I don't think anybody is arguing that he's as good as he was earlier in his career. They're simply pointing out that you are just looking at box scores, because the system was DESIGNED to let those guys take the open jumpers. Maybe that doesn't seem logical to you, but would you rather have Bosh open for a bucket near the basket, or let Ford/Calderon out shoot you?


----------



## ChristopherJ (Aug 10, 2004)

Jameh said:


> I don't think anybody is arguing that he's as good as he was earlier in his career. They're simply pointing out that you are just looking at box scores, because the system was DESIGNED to let those guys take the open jumpers. Maybe that doesn't seem logical to you, but would you rather have Bosh open for a bucket near the basket, or let Ford/Calderon out shoot you?


Where have I ever mentioned Ford's or Calderon's stats or how many open jumpers they got? What I keep reiterating is that Kidd isn't as good a perimeter defender as he used to be. The fact that Calderon and Ford seemed to penetrate relatively easily on Kidd even though he was giving them the jumper most of the time only proves MY point.

READING COMPREHENSION PLEASE!


----------



## HB (May 1, 2004)

_Dre_ said:


> Well he didn't do it in New Orleans, and like I said, you can tell he just doesn't have the passing or IQ they have, because he would've exhibited it at some point in 6-7 years, trust me.
> 
> Believe me, if he was capable of being Steve Nash or Jason Kidd, Nelson or Scott would've conformed their systems to concur. I mean even with the Hornets, he did what he wanted with the ball, and he never consistently touched Kidd or Nash's production. But he's not, and you don't need to be in a certain system to see that.
> 
> Intelligence and passing has nothing to do with your system, you have your skill level and that's it.


You know that year that Jamal Magloire made the all star game, he benefitted A LOT from playing with Baron. Baron is definitely one of the best passers in the game. And yes to a certain extent he did have some successful seasons in NO, its not like he is T-mac that never made it out of the first round. Lets not forget he played with Jamal Mashburn who was a pretty effective scorer and demanded the ball a lot in his own right. Also check out the Games played numbers, the guy has never been blessed with the healthy seasons that Nash and Kidd have. His minutes are constantly flunctuating


----------



## BlakeJesus (Feb 1, 2006)

KidCanada said:


> Where have I ever mentioned Ford's or Calderon's stats or how many open jumpers they got? What I keep reiterating is that Kidd isn't as good a perimeter defender as he used to be. The fact that Calderon and Ford seemed to penetrate relatively easily on Kidd even though he was giving them the jumper most of the time only proves MY point.
> 
> READING COMPREHENSION PLEASE!


Do you think it's overly hard to penetrate when you have position on your guy? Kidd's hustling back from doubling Bosh, that leaves Ford/Calderon ample time to find the easiest penetration point. Curse Kidd for not catching that every time. Sure maybe a couple years ago Kidd WOULD have stopped that. I really don't understand who you're fighting with here, nobody is claiming Kidd is as good of a defender as he once was.


----------



## Aurelino (Jul 25, 2003)

Ford and Caledron are the kind of guards who will trouble most teams with their penetration. However, both of them shot a worse % in the first round on shots near the basket compared to the regular season.


----------



## Dre (Jun 20, 2003)

hobojoe said:


> Right. Just like if Steve Nash was capable of being an MVP caliber player, a coach like Nelson certainly would've conformed his system in Dallas to...oh wait



He's made improvements on his game, but as a whole, he played the same game here he does in Phoenix, but like I always say, the system inflates his production. 

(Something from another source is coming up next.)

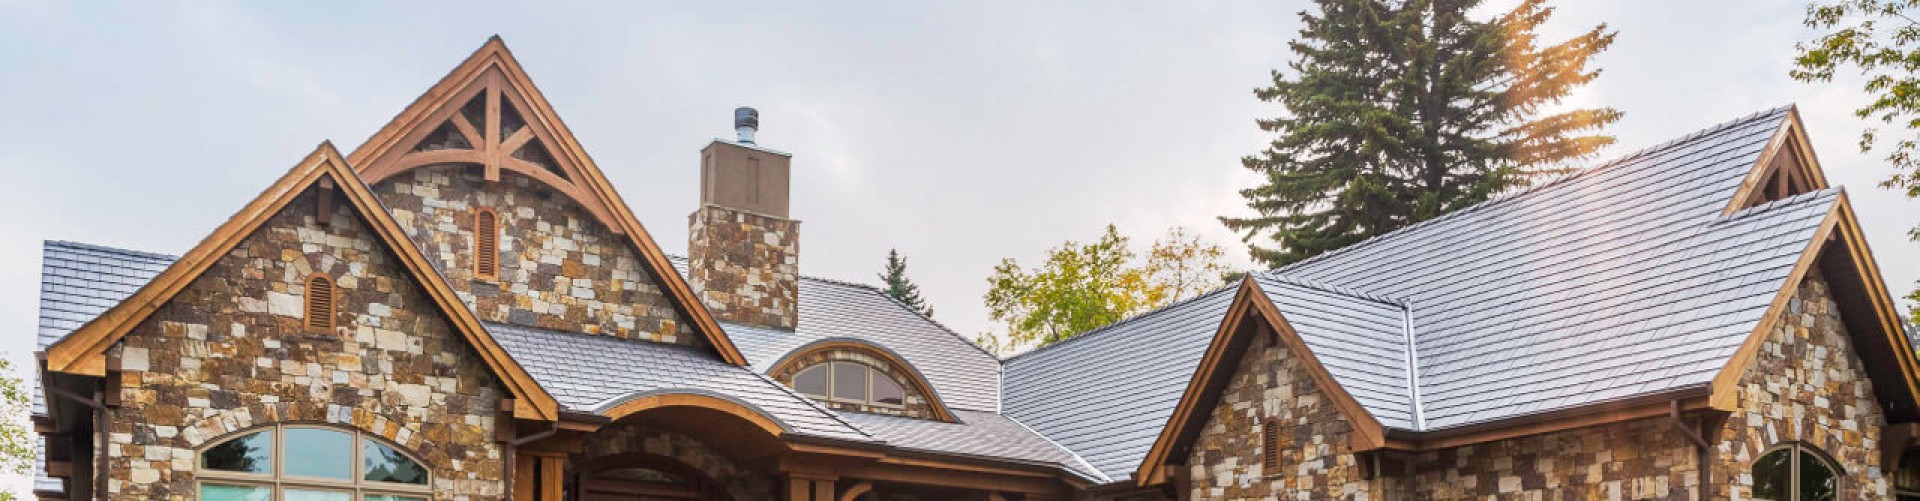 Best Roofing Company in Omaha - Handyman Services of Omaha

Nash didn't change his skillset any from Dallas to Phoenix, so yeah, my point remains true.


----------



## Dre (Jun 20, 2003)

HB said:


> You know that year that Jamal Magloire made the all star game, he benefitted A LOT from playing with Baron. Baron is definitely one of the best passers in the game. And yes to a certain extent he did have some successful seasons in NO, its not like he is T-mac that never made it out of the first round. Lets not forget he played with Jamal Mashburn who was a pretty effective scorer and demanded the ball a lot in his own right. Also check out the Games played numbers, the guy has never been blessed with the healthy seasons that Nash and Kidd have. His minutes are constantly flunctuating


I'm not arguing that he's not great, he is...but he's not Kidd or Nash. Either of them could have an argument for one of the greatest PGs ever, Baron is great, but those two are historically above him. Baron helped make Magloire an all-star, but how good was that team? A middling eastern conference team. Kidd took a team with a similarly weak roster to the finals twice...they've been doing what Baron did in these playoffs all their careers, and injuries to Baron aren't the only reason. 

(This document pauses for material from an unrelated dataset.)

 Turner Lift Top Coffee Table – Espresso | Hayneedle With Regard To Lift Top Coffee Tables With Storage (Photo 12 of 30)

He's great, yes, but he's more selfish than either Nash or Kidd, which separates them. I can't remember that last 7 point, 13 assist type night Baron's had. I think he looks for his own offense first, something neither Kidd nor Nash do. This wouldn't even be an argument if it weren't for Davis' playoff run, don't let emotions sway you into overreacting.

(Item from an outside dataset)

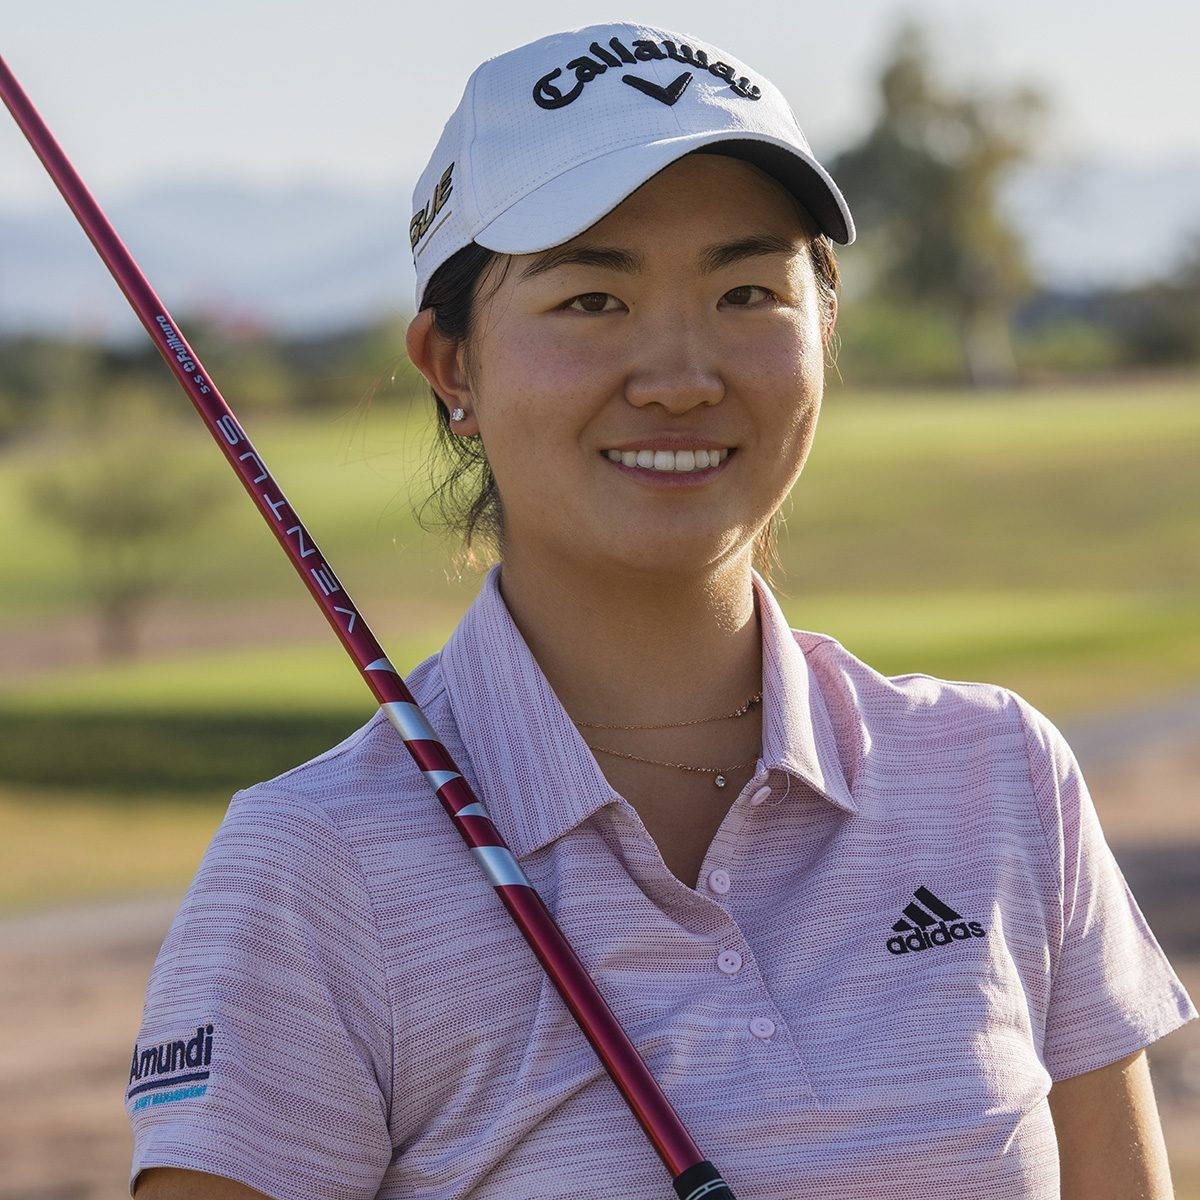 WORLD NO. 1 WOMEN’S AMATEUR GOLFER ROSE ZHANG BECOMES FIRST STUDENT-ATHLETE TO SIGN NIL ENDORSEMENT AGREEMENT WITH ADIDAS

He's on a tier with Iverson, Arenas, Williams and the like. Second tier.


----------



## HB (May 1, 2004)

_Dre_ said:


> I'm not arguing that he's not great, he is...but he's not Kidd or Nash. Either of them could have an argument for one of the greatest PGs ever, Baron is great, but those two are historically above him. Baron helped make Magloire an all-star, but how good was that team? A middling eastern conference team. Kidd took a team with a similarly weak roster to the finals twice...they've been doing what Baron did in these playoffs all their careers, and injuries to Baron aren't the only reason.
> 
> He's great, yes, but he's more selfish than either Nash or Kidd, which separates them. I can't remember that last 7 point, 13 assist type night Baron's had. I think he looks for his own offense first, something neither Kidd nor Nash do. This wouldn't even be an argument if it weren't for Davis' playoff run, don't let emotions sway you into overreacting.
> 
> He's on a tier with Iverson, Arenas, Williams and the like. Second tier.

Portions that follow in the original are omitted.